_What you are asked to do:_ Restate word for word each line from the one containing "kathrin-hohberg-glamour-nl-cry-baby-mick-de-lint-06" through the end of the material, and nothing more. Drop every picture.

_Collected data:_
__________

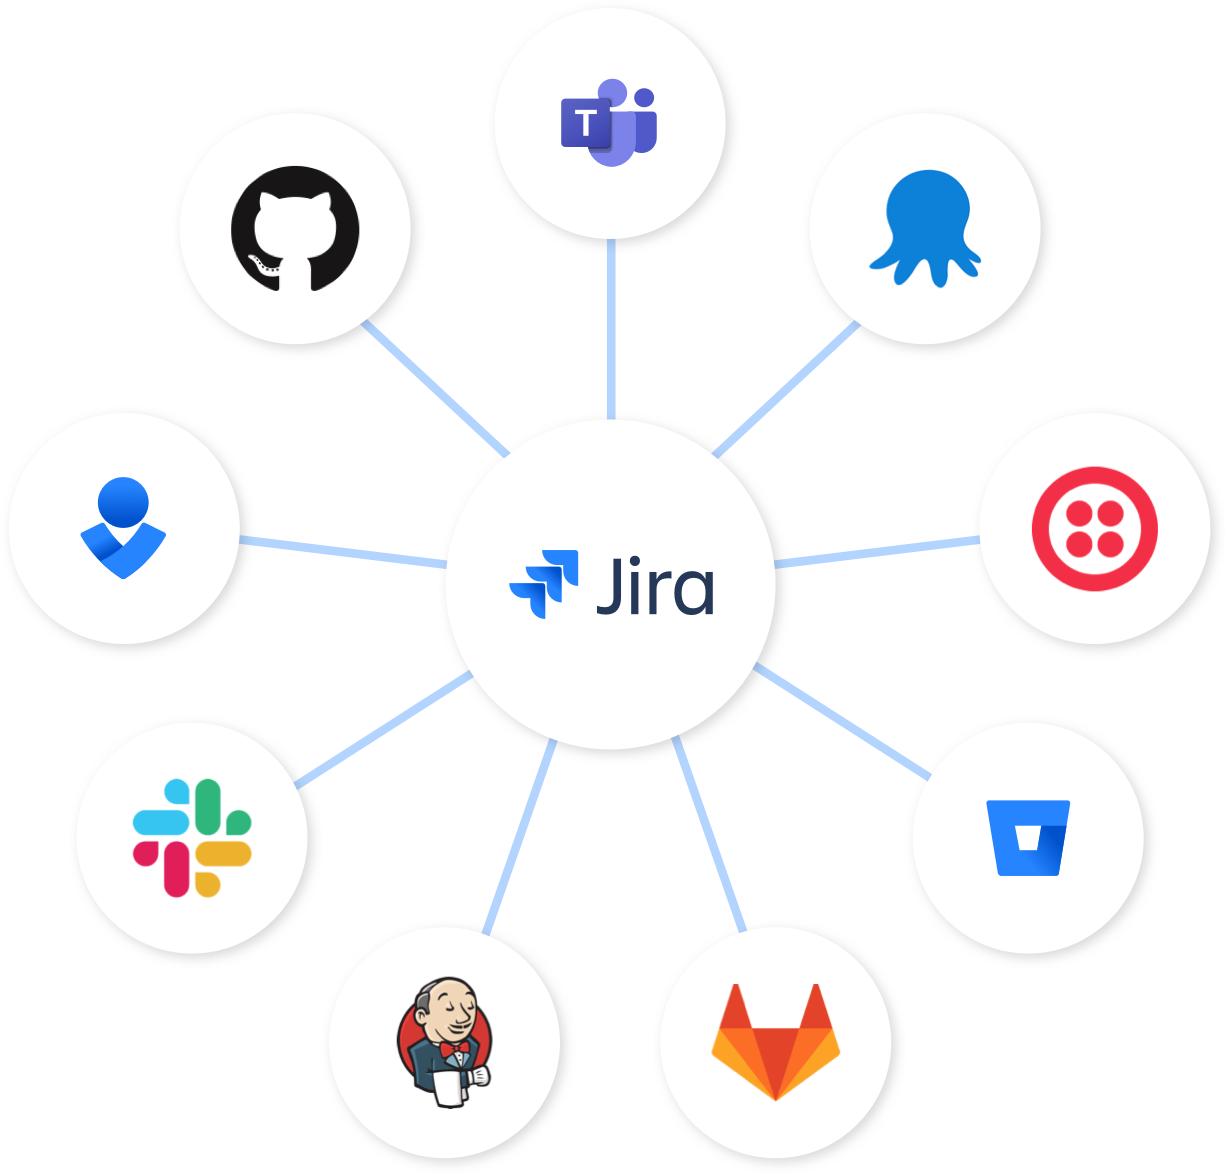 Jira node - Jira in the center with bitbucket, slack and opsgenie connected to it
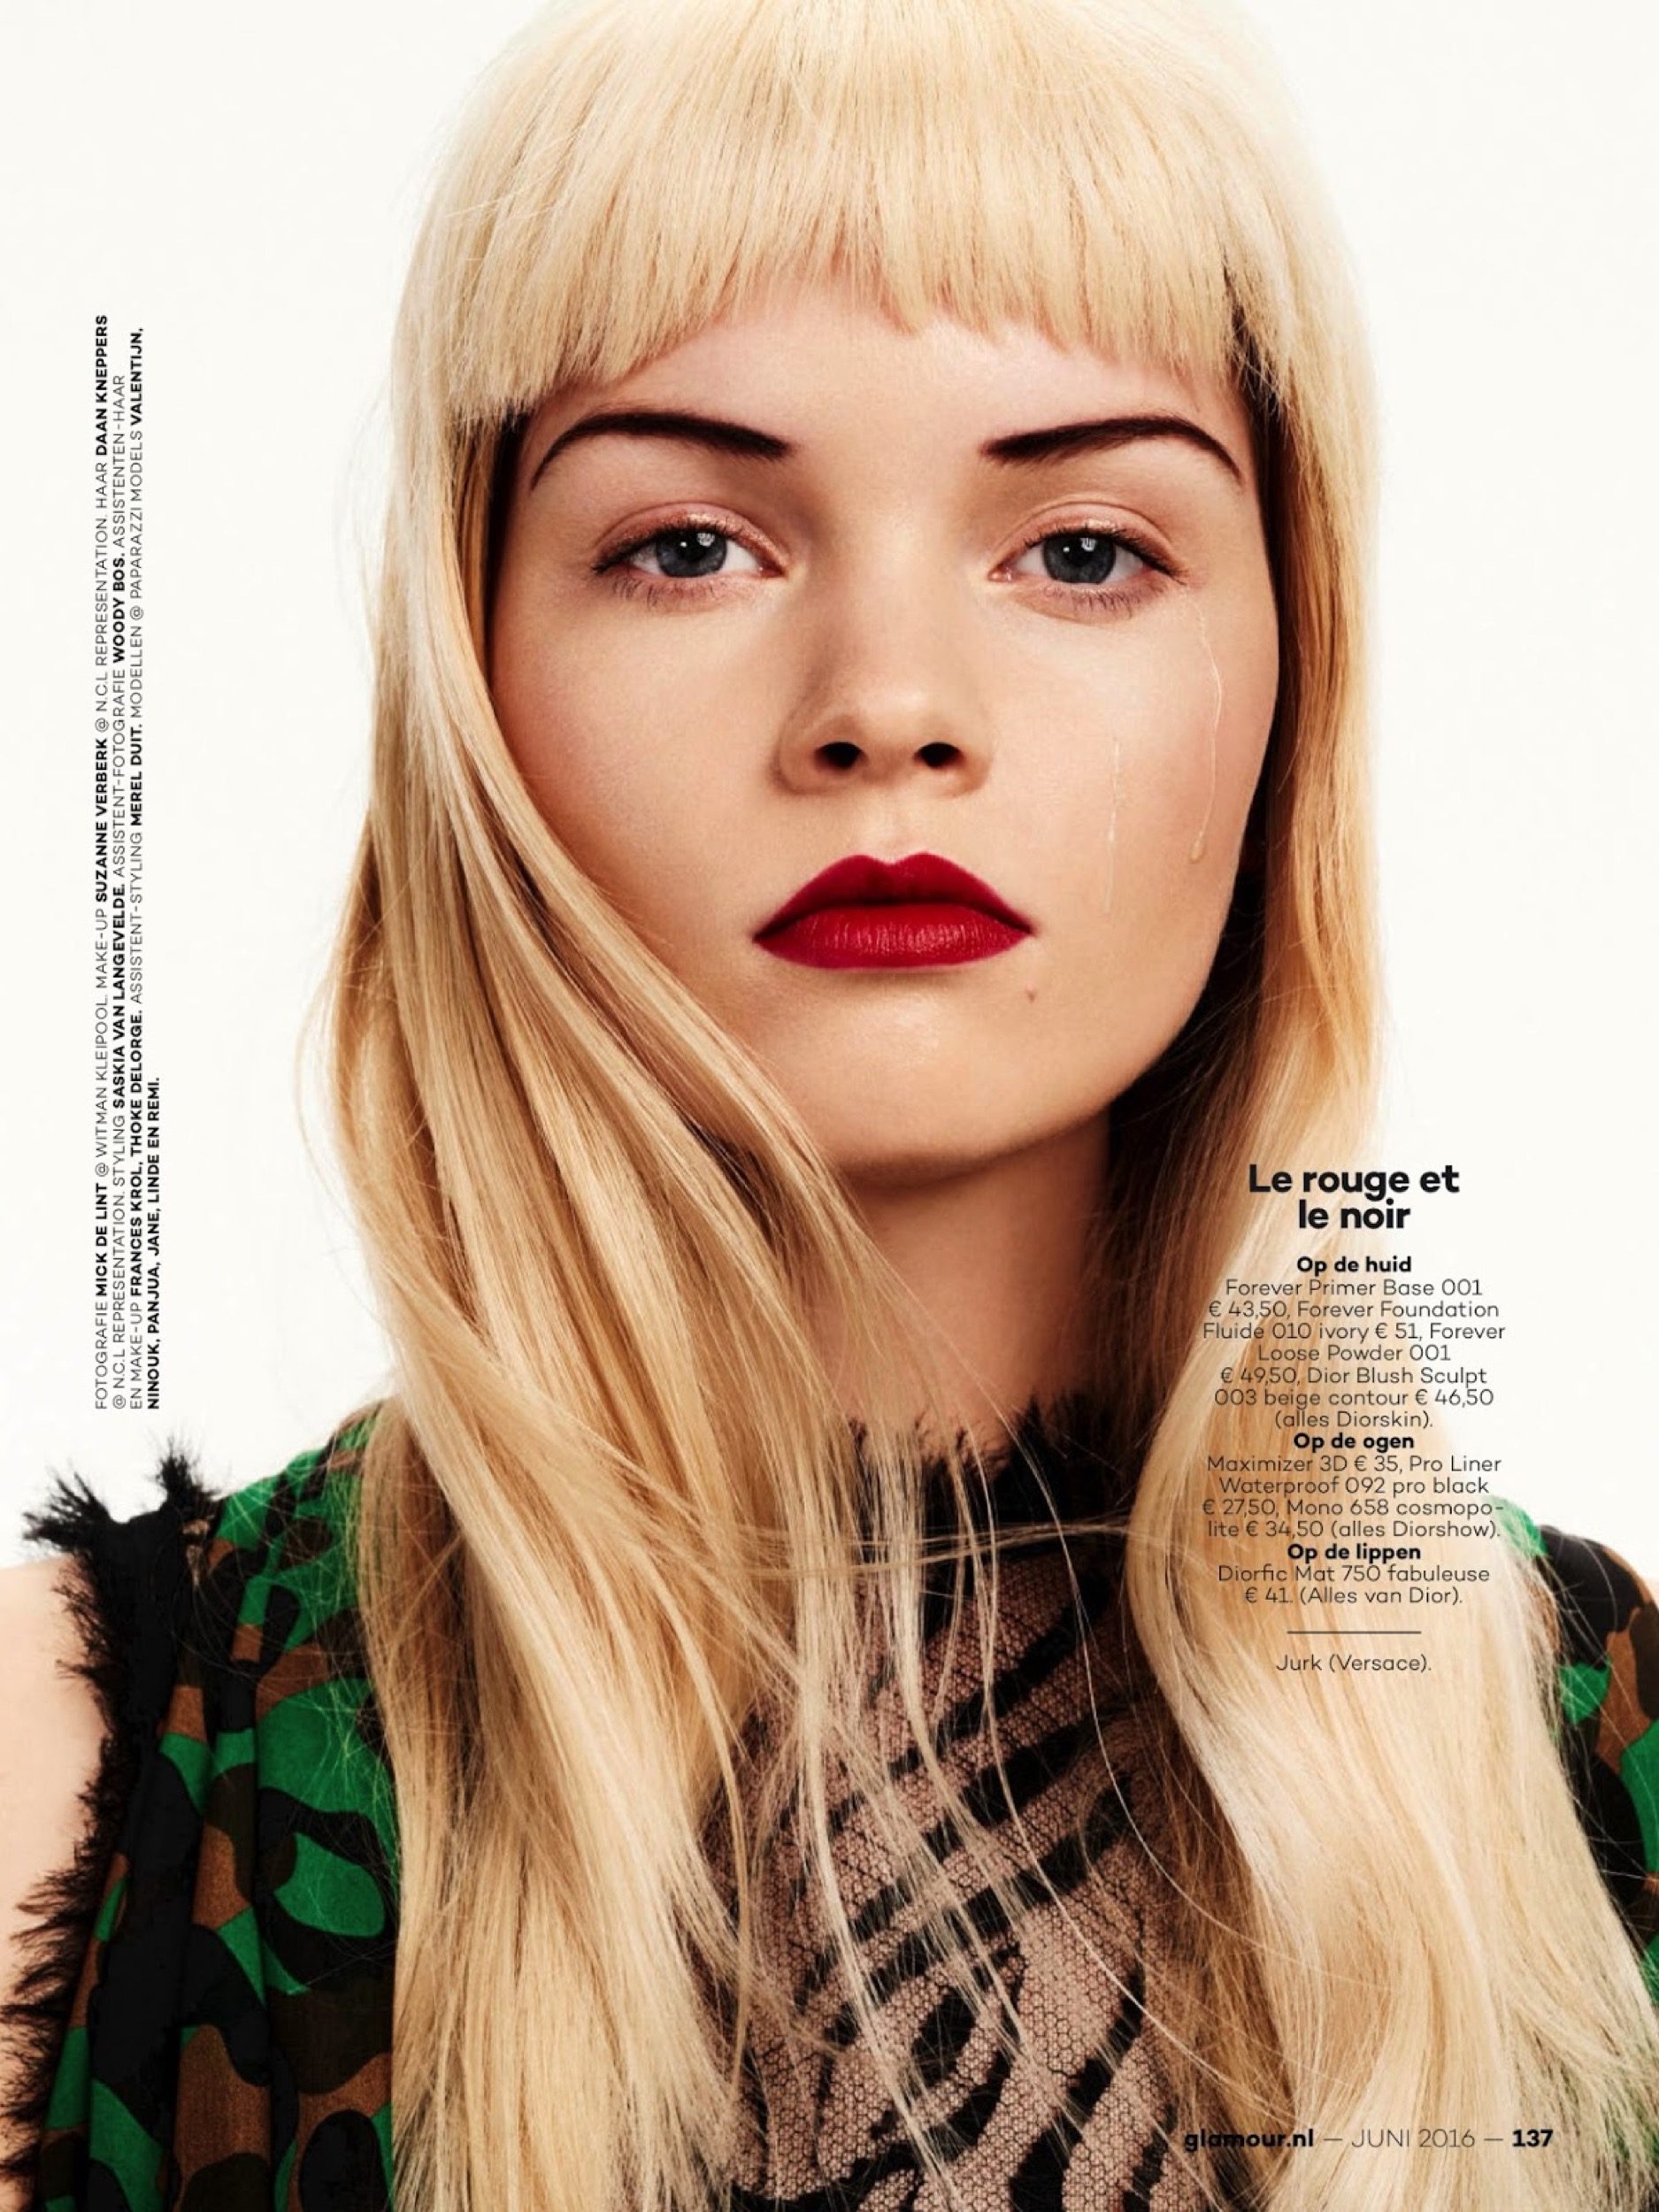 kathrin-hohberg-glamour-nl-cry-baby-mick-de-lint-06
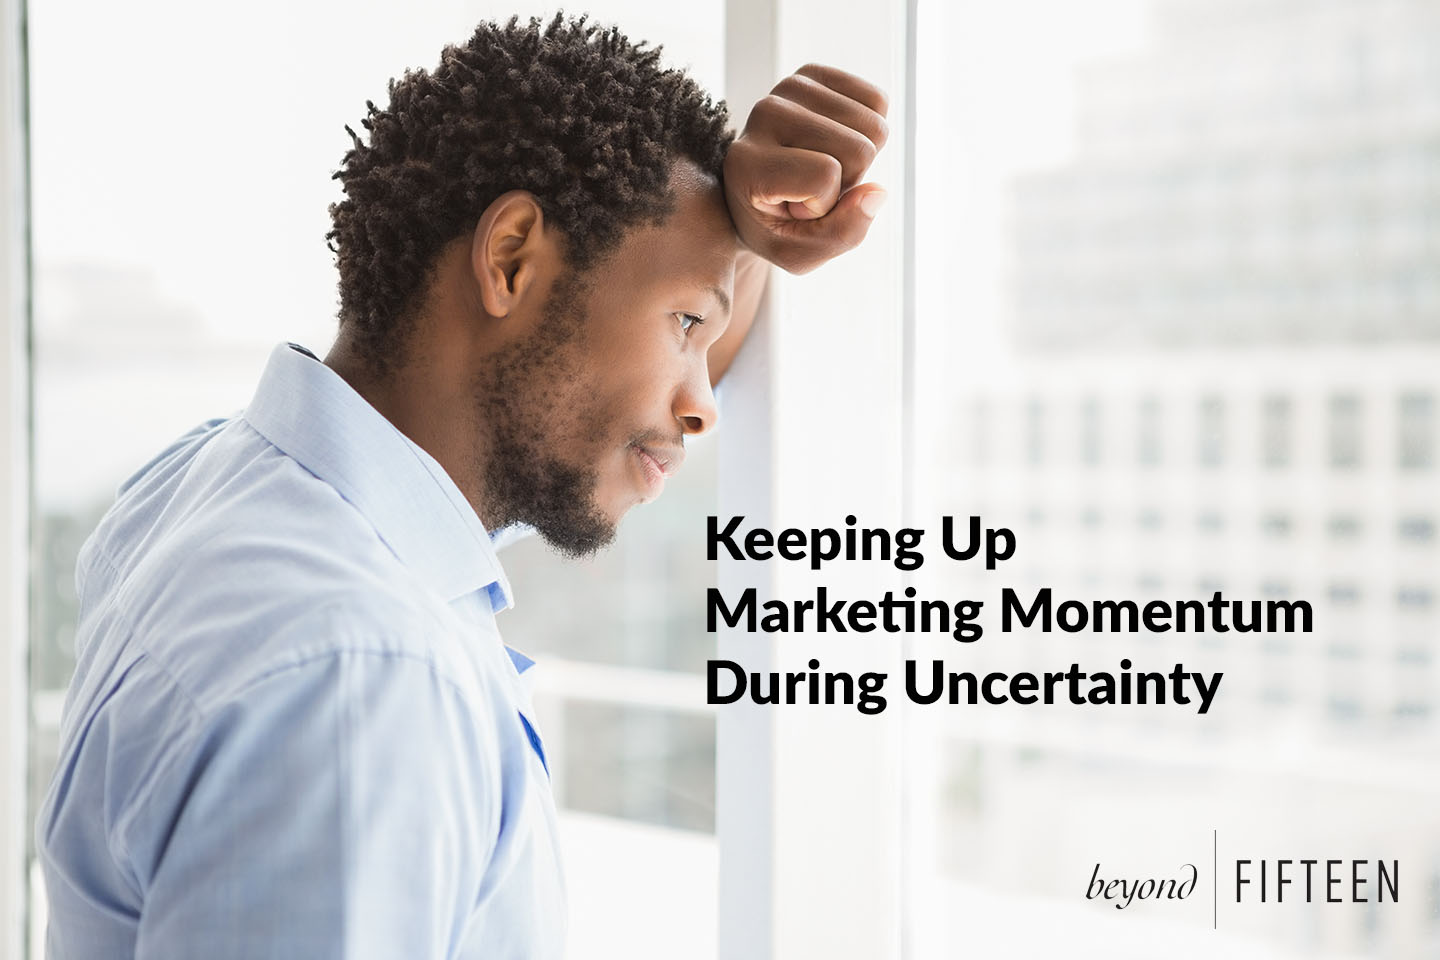 Keeping Up Marketing Momentum During Uncertainty

__________

_Solved exercise:_
 kathrin-hohberg-glamour-nl-cry-baby-mick-de-lint-06
 Keeping Up Marketing Momentum During Uncertainty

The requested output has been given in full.